__The problem__:
Although the records contain pictures, none belong in the copy: restate word for word only the lines from the one with "Saving petrol is" through the one with "from Daily Dreadful", both included.

__Raw data__:
***

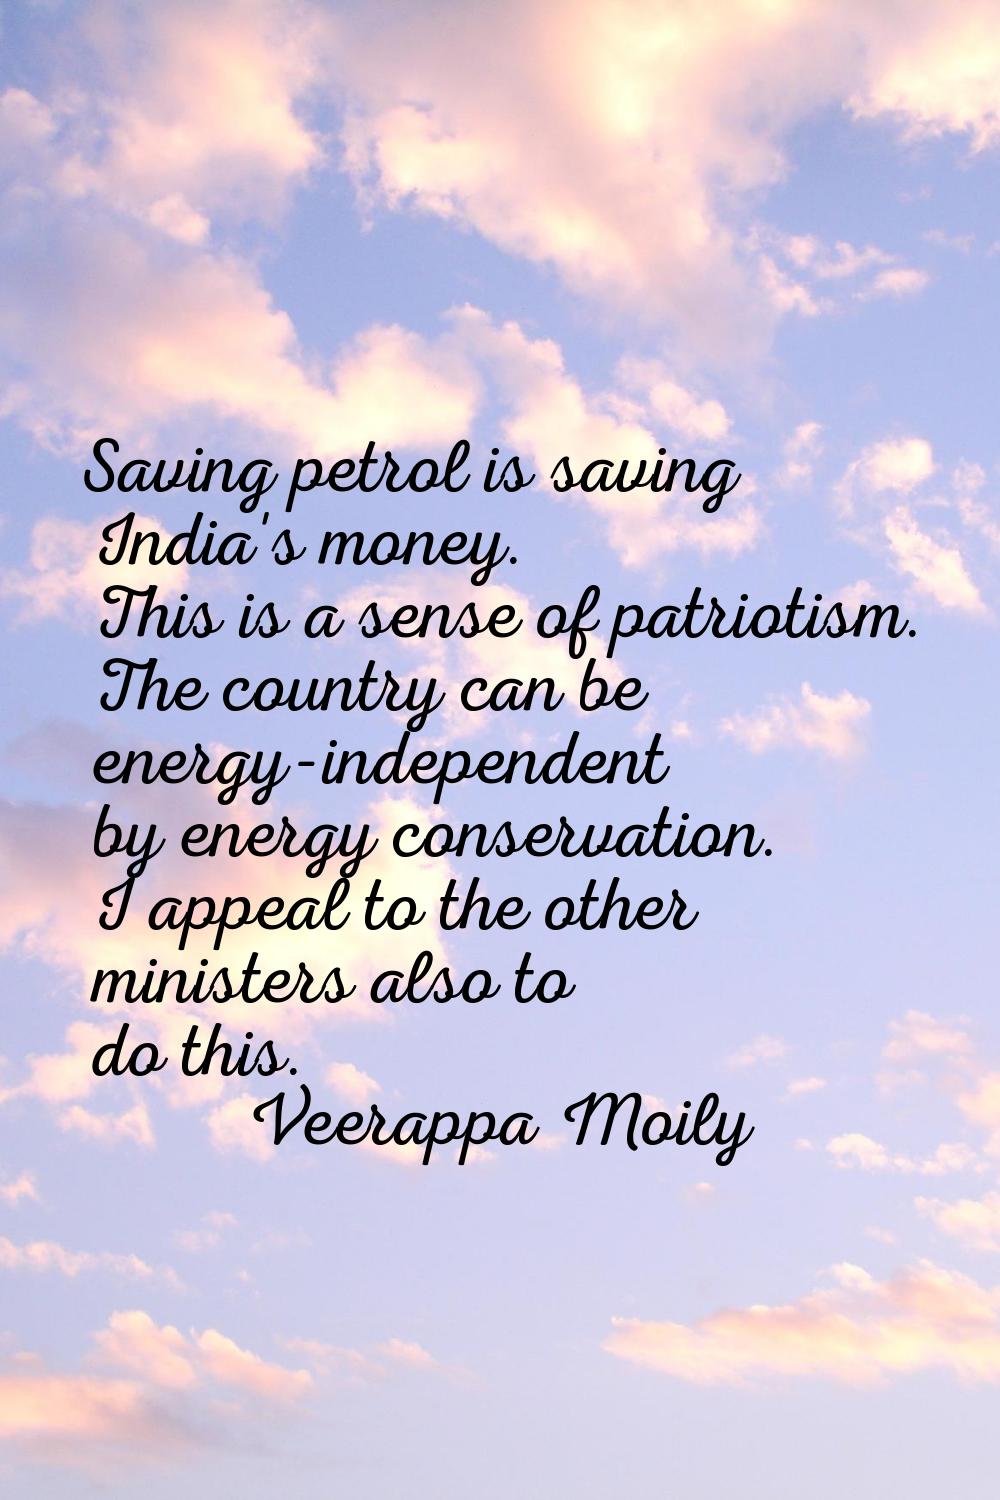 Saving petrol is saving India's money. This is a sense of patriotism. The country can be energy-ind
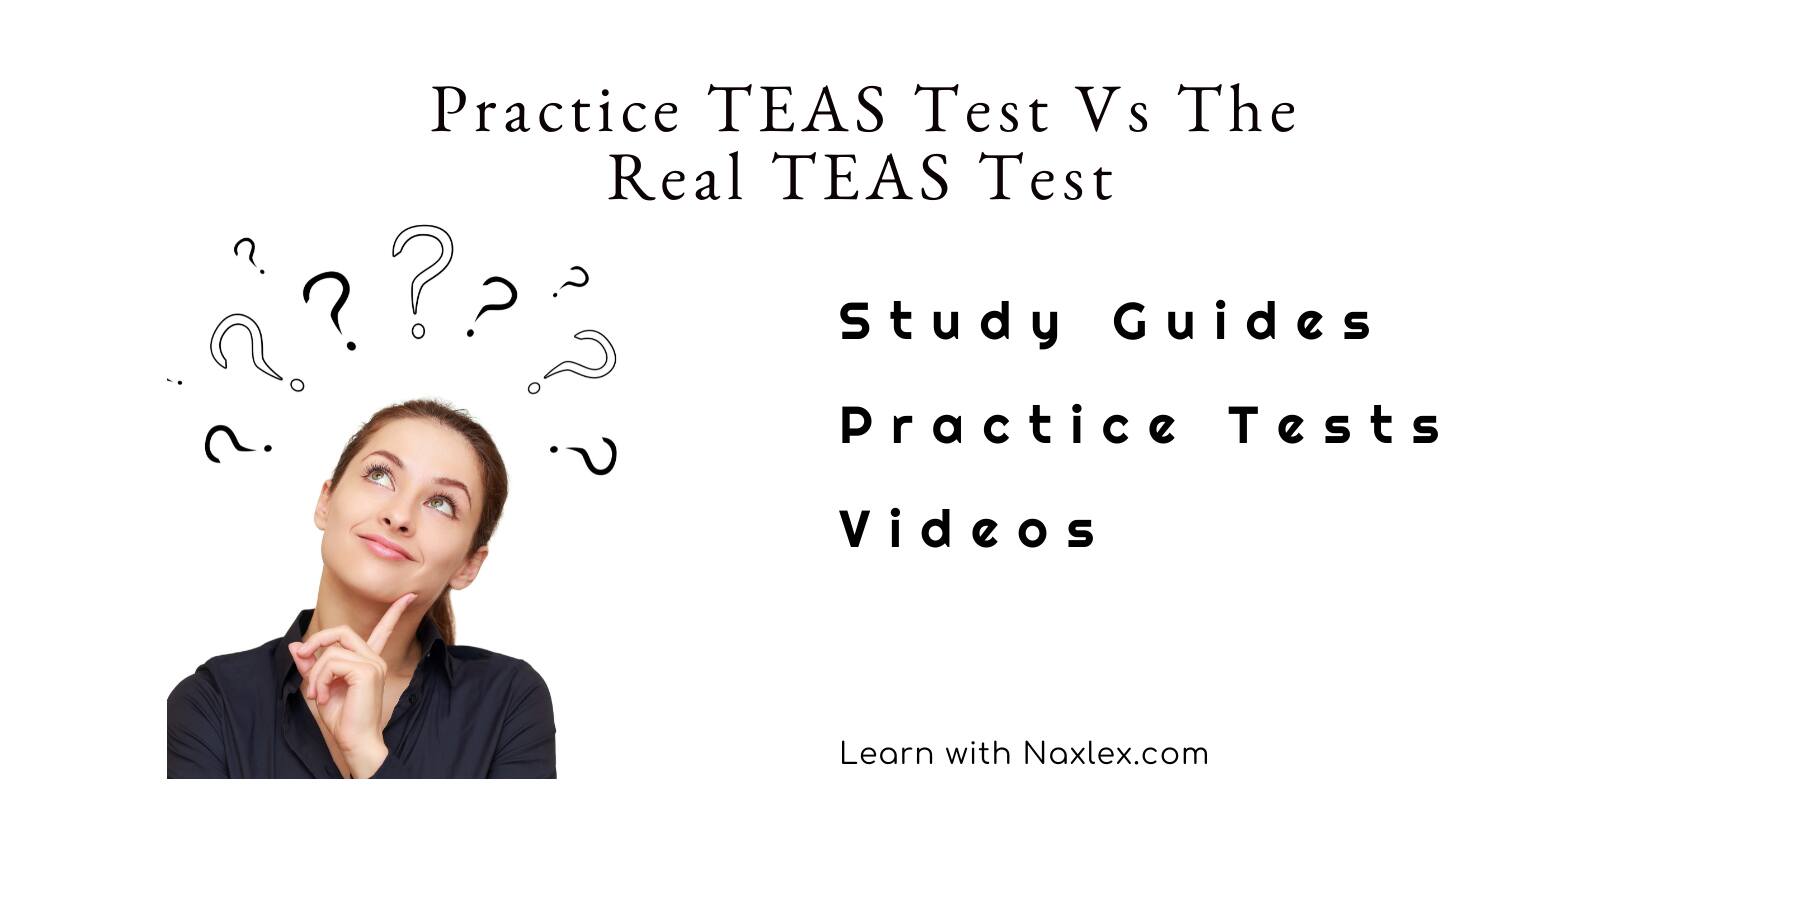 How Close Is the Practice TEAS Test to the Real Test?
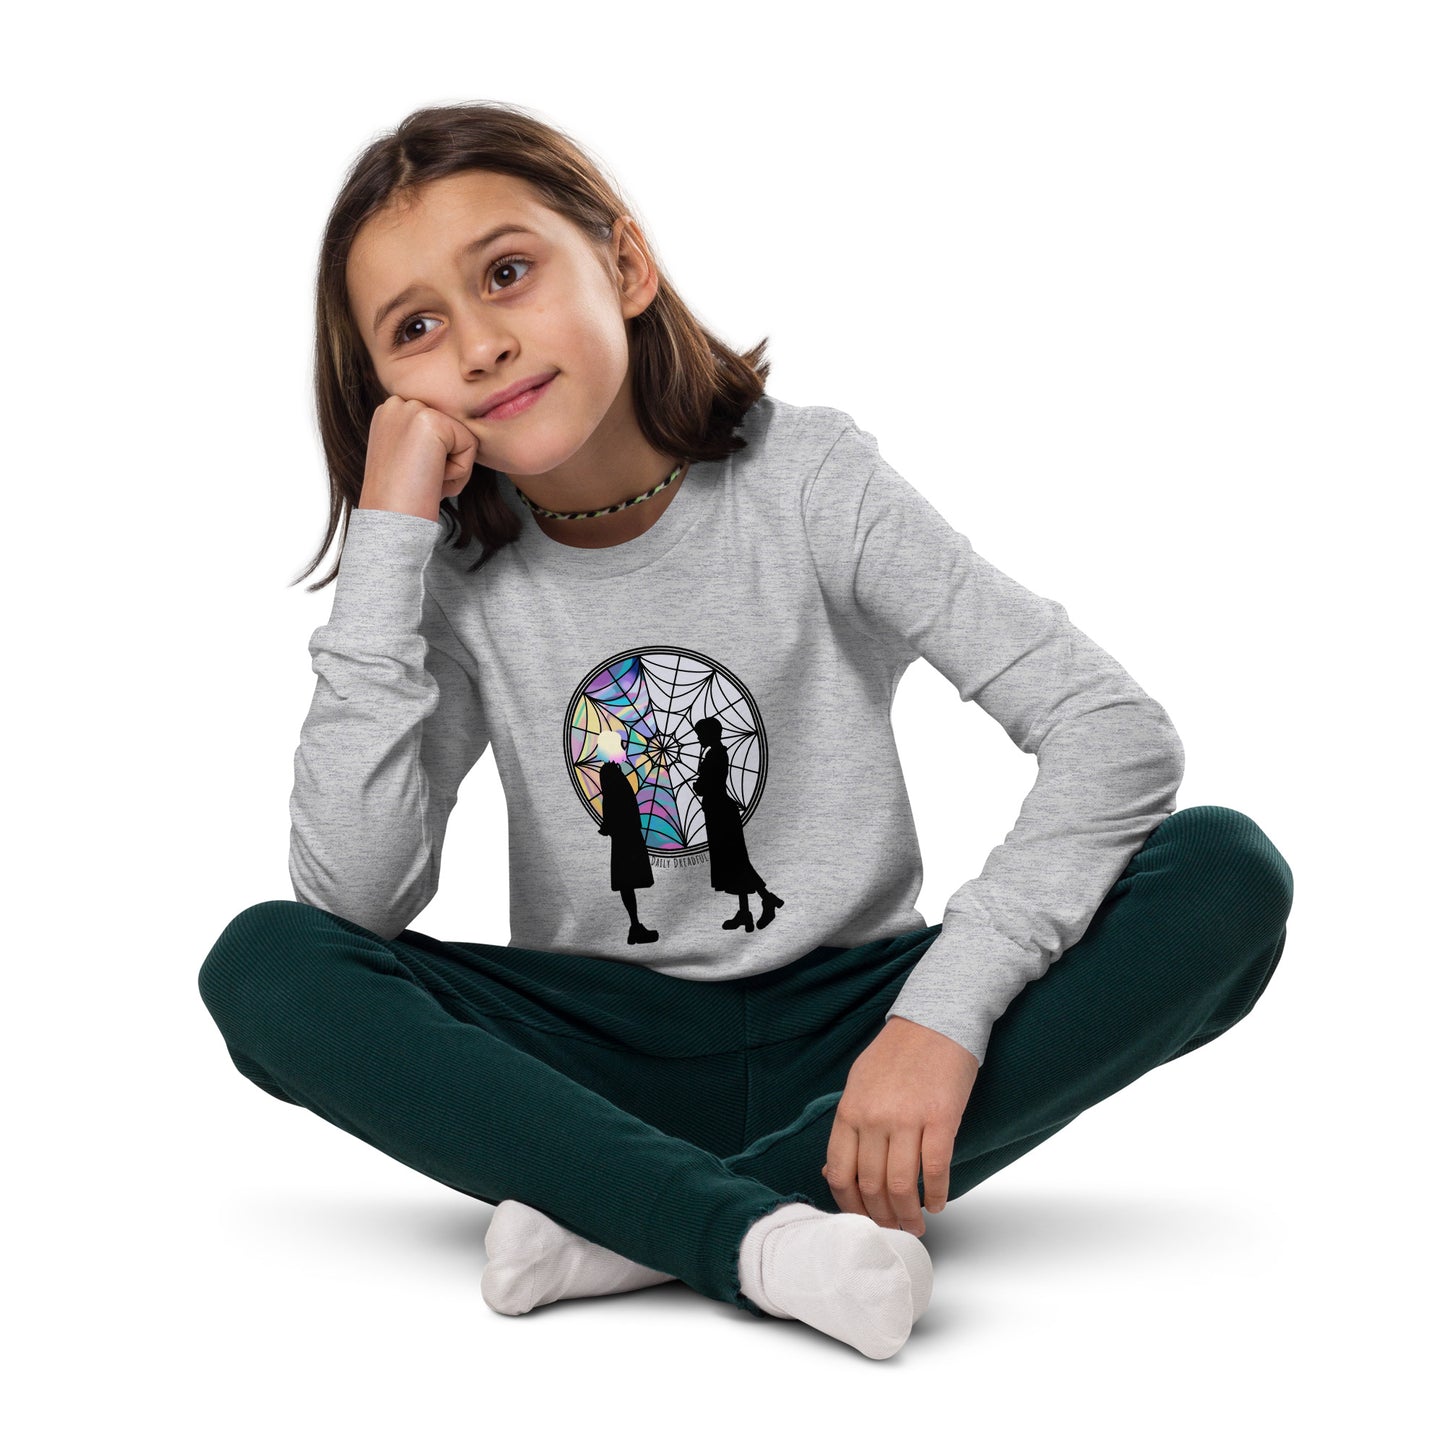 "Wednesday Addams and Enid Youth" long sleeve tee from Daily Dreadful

***

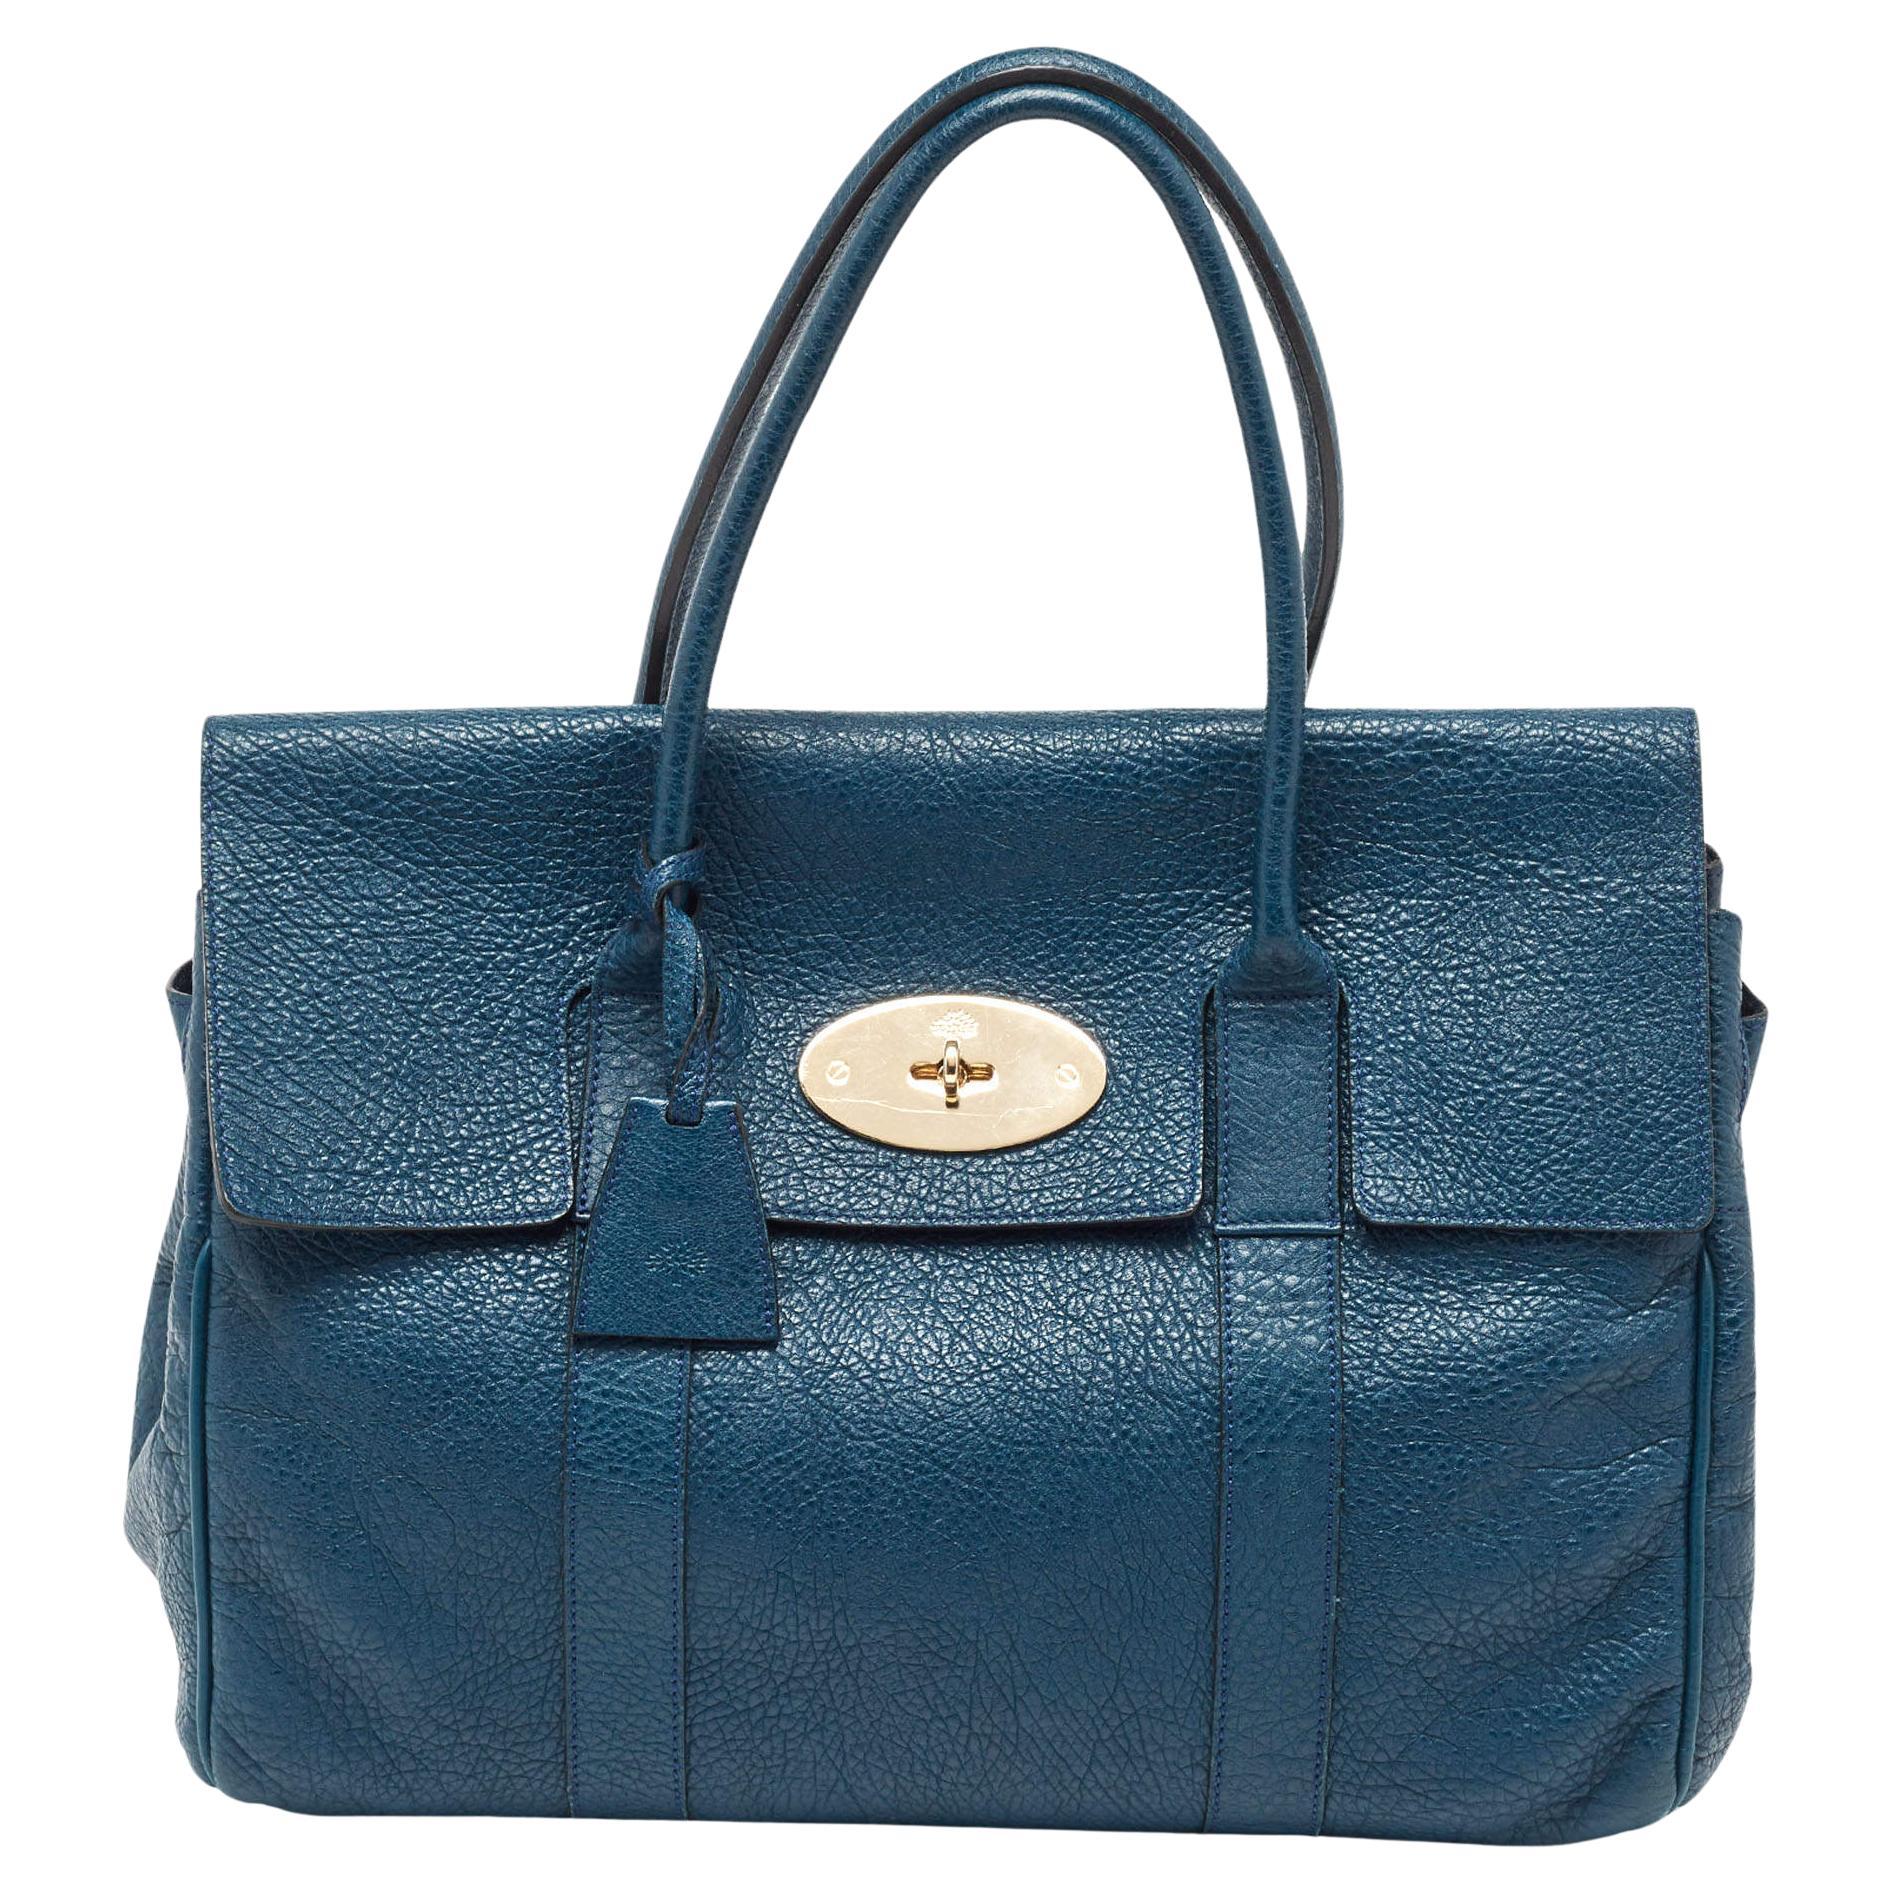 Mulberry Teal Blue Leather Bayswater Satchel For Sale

***

__Result of the exercise__:
 Saving petrol is saving India's money. This is a sense of patriotism. The country can be energy-ind
 How Close Is the Practice TEAS Test to the Real Test?
 "Wednesday Addams and Enid Youth" long sleeve tee from Daily Dreadful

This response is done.